In the pooled data problem the goal is to efficiently reconstruct a binary signal from additive measurements. Given a signal $\boldsymbol{\sigma}\in\left\{{0,1}\right\}^{n}$ , we can query multiple entries at once and get the total number of non-zero entries in the query as a result. We assume that queries are time-consuming and therefore focus on the setting where all queries are executed in parallel. For the regime where the signal is sparse such that $\left|{\left|{\boldsymbol{\sigma}}\right|}\right|_{1}=o(n)$ our results are twofold: First, we propose and analyze a simple and efficient greedy reconstruction algorithm. Secondly, we derive a sharp information-theoretic threshold for the minimum number of queries required to reconstruct $\boldsymbol{\sigma}$ with high probability. Our first result matches the performance guarantees of much more involved constructions (Karimi et al. 2019). Our second result extends a result of Alaoui et al. (2014) and Scarlett & Cevher (2017) who studied the pooled data problem for dense signals. Finally, our theoretical findings are complemented with empirical simulations. Our data not only confirm the information-theoretic thresholds but also hint at the practical applicability of our pooling scheme and the simple greedy reconstruction algorithm.

Index Terms:

Reconstruction, Sparse Signal, Pooled Data, Information Theory, Phase Transitions

I Introduction

We consider the binary pooled data problem with additive queries which is defined as follows. We are given a signal of length $n$ , a large vector $\boldsymbol{\sigma}\in\left\{{0,1}\right\}^{n}$ of Hamming weight $k$ and a querying method. Each query pools multiple entries of $\boldsymbol{\sigma}$ together and returns the exact number of non-zero entries contained in the pool (see Fig. 1 for an example). The goal is to reconstruct $\boldsymbol{\sigma}$ using as few queries as possible.

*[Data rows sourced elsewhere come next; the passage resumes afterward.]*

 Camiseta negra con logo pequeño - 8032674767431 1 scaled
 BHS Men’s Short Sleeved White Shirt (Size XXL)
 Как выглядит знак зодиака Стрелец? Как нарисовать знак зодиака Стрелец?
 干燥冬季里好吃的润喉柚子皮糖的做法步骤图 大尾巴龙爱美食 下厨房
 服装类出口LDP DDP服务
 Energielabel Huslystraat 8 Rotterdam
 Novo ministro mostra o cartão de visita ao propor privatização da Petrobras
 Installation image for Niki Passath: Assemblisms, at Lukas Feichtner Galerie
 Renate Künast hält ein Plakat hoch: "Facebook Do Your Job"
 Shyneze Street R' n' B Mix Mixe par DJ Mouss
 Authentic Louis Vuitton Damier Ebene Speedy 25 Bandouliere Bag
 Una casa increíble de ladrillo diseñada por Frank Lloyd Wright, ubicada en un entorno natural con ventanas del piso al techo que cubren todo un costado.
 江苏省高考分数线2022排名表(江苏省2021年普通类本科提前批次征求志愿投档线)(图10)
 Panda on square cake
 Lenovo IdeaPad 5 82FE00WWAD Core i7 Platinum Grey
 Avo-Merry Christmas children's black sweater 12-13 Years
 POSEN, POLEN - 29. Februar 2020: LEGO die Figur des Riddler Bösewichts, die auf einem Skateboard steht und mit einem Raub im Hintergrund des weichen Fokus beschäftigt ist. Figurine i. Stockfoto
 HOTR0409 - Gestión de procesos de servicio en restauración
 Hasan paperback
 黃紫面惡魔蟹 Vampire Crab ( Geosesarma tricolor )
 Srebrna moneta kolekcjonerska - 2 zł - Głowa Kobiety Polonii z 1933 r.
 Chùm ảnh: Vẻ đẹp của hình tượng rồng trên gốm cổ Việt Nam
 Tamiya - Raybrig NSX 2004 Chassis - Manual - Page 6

In many real-world scenarios the time to compute a reconstruction of $\boldsymbol{\sigma}$ is dominated by the time to perform a single query. The evaluation of such a query may require, e.g., computations using a deep neural network on a GPU [20], biological processes such as DNA screening [7, 26], or PCR tests in a bio-medical context [4]. To obtain a substantial speed-up, we therefore focus on parallel schemes where all queries are specified a priori and executed simultaneously. This assumption makes sense in the context of a life sciences laboratory: queries can be envisioned as measurements conducted by a liquid handling robot. The time to perform all (parallel) queries then clearly dominates the time to run an efficient (sequential) reconstruction algorithm (for practical input sizes).

In this paper we focus on the sublinear regime where the number of non-zero entries $k$ scales sub-linearly in the signal’s length $n$ such that $k=n^{\theta}$ for some $\theta<1$ . In this setting, our main task is to specify a suitable parallel pooling design and an efficient reconstruction algorithm that allows us to compute $\boldsymbol{\sigma}$ efficiently from the queried data. We are interested in two different types of phase-transitions that commonly arise in the analysis of reconstruction and statistical inference problems:

What is the minimum number of queries that allows us to infer $\boldsymbol{\sigma}$ from the query results given unlimited computational power? 2. 2.

How many queries are required such that an efficient algorithm can compute $\boldsymbol{\sigma}$ from the query results?

We will refer to the first phase-transition as the information-theoretic threshold and to the second phase-transition as the algorithmic threshold.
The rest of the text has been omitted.